National Union of Workers v Australian Pharmaceutical Industries Ltd
[2018] FWC 7464
•6 DECEMBER 2018
[2018] FWC 7464
The attached document replaces the document previously issued with the above code on 6 December 2018.
Paragraph [9] is amended to refer to the “Community Service Obligation Funding Pool Operational Guidelines published by the Commonwealth Department of Health”.
Jack Howe
Associate to Commissioner Hunt
Dated 7 December 2018
| [2018] FWC 7464 |
| FAIR WORK COMMISSION |
| DECISION |
Fair Work Act 2009
s.437 - Application for a protected action ballot order
National Union of Workers
v
Australian Pharmaceutical Industries Ltd
(B2018/1086)
| COMMISSIONER HUNT | BRISBANE, 6 DECEMBER 2018 |
Proposed protected action ballot of employees of Australian Pharmaceutical Industries Limited.

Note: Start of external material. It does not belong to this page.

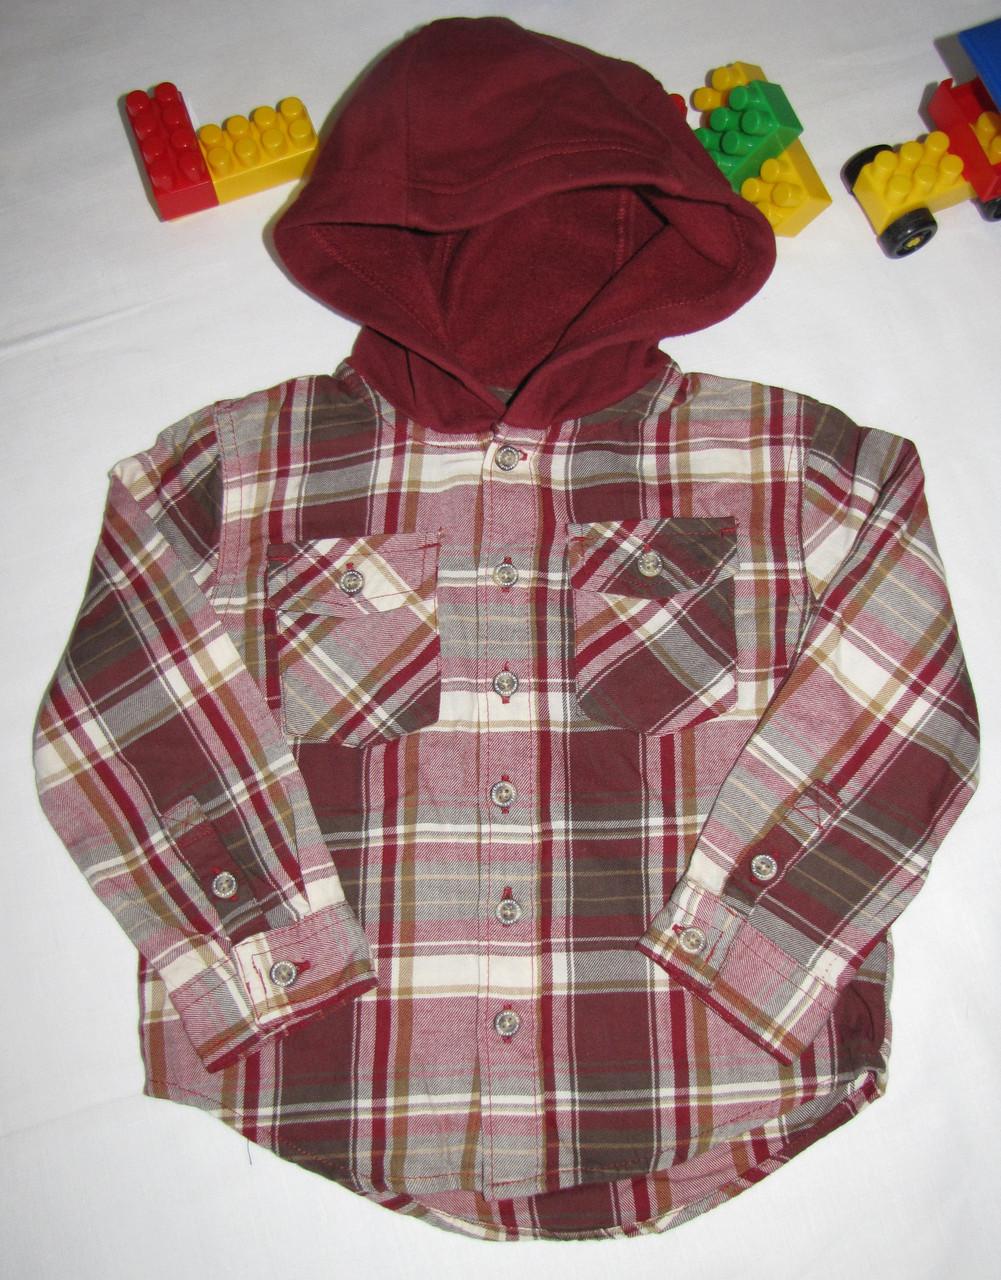 Рубашка с капюшоном Wonder Kids оригинал рост 98 см красная 07048

This decision concerns an application made pursuant to s.437 of the Fair Work Act 2009 (the Act) by the National Union of Workers (NUW). The NUW seeks a protected action ballot order in relation to certain employees of Australian Pharmaceutical Industries Limited (the Employer).

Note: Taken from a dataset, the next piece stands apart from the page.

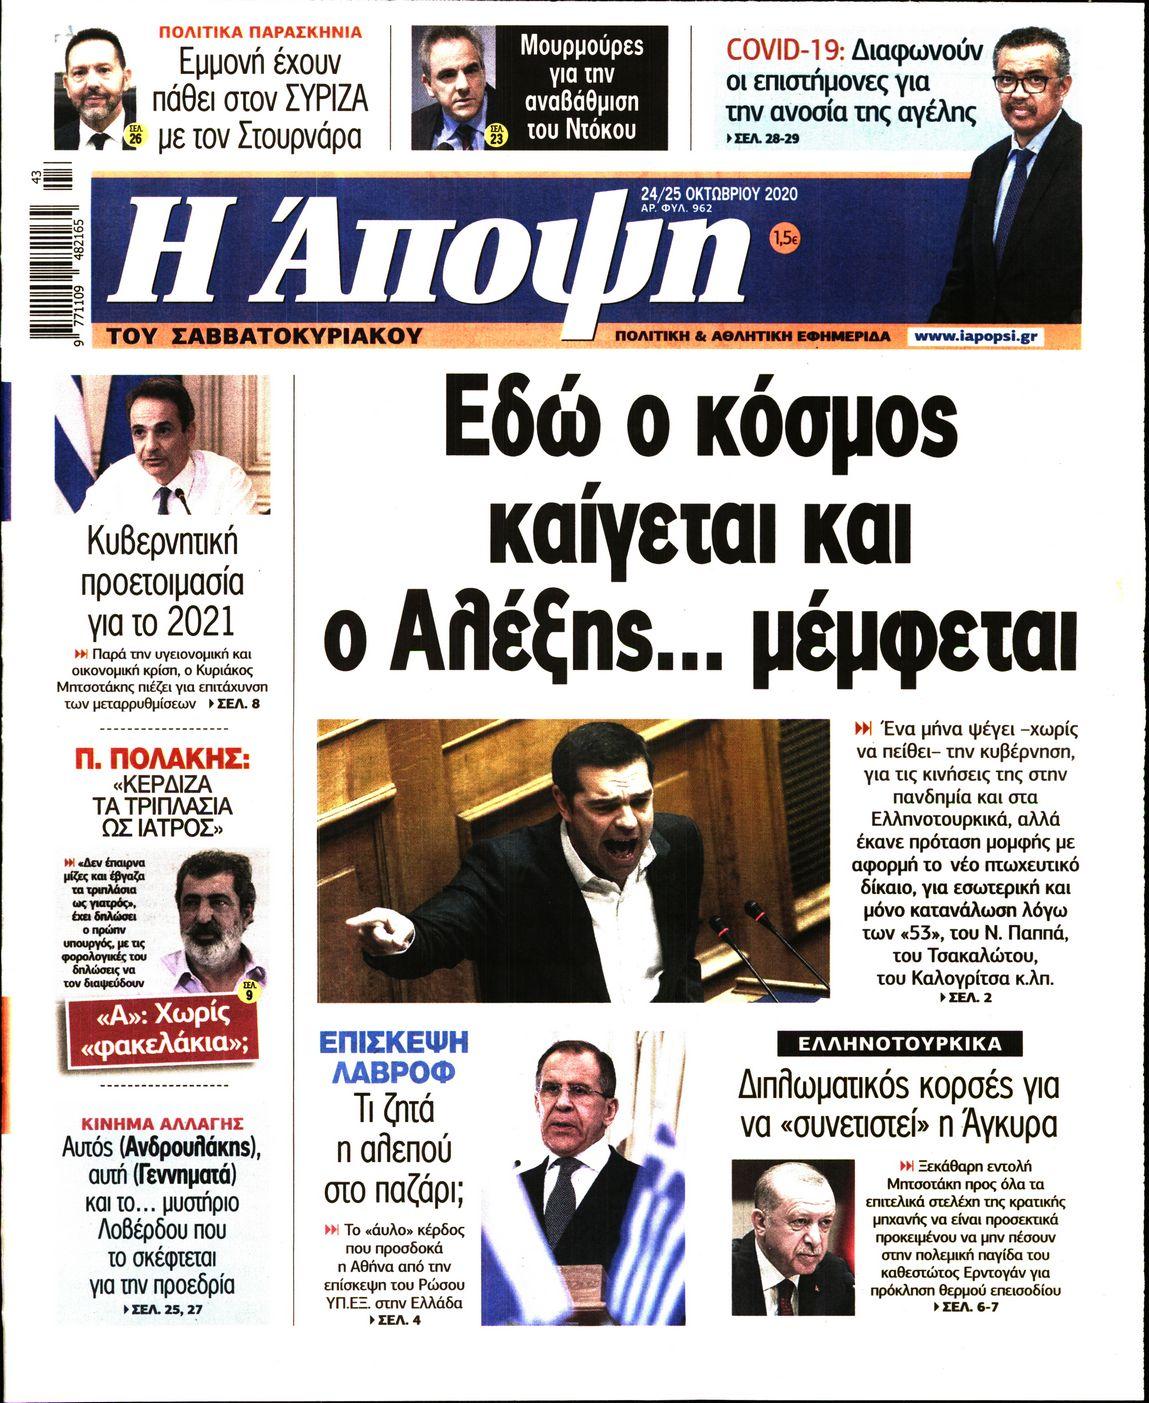 https://www.newsbeast.gr/files/1/newspapers/2020/10/24/27542380_1033.jpg

The application was opposed by the Employer, and a hearing was convened before me on 6 December 2018. The NUW was represented by Mr Martin de Rooy, Organiser of NUW together with Mr Quan Chuc, Organiser of NUW. The Employer was granted leave to be represented by Mr Brendan Richardson, Director of BPR & Associates Pty Ltd. He appeared with Mr Stephen Mailer, Distribution Centre Manager of the Employer.
The opposition to the application was on the basis of a claim advanced by the NUW relevant to job security of employees to be covered by the proposed agreement. The NUW had been, up until 4 December 2018, advancing the following draft clause:
“Job Security
1. If the company makes a decision to relocate the work to another facility run by a related body corporate of the Company, the Company will ensure that:
(a) The workers engaged to perform the work will receive rates of pay and conditions no worse than those received by existing employees; and
(b) Existing employees will be provided with the option to relocate to the new facility; and
(c) Employees will only be made redundant where there is no suitable alternative work.
2. If the Company makes a decision to outsource any work to another provider that is not a related body corporate, the Company will ensure that:
(a) The workers engaged to perform the work will receive rates of pay and conditions no worse than those received by existing employees; and
(b) It facilitates the transfer of existing employees to the new provider; and
(c) Employees will only be made redundant where there is no suitable alternative work.”
The Employer submitted that the proposed clause included non-permitted matters; that is, matters not pertaining to the relationship between the Employer and the employees who will be covered by the proposed agreement.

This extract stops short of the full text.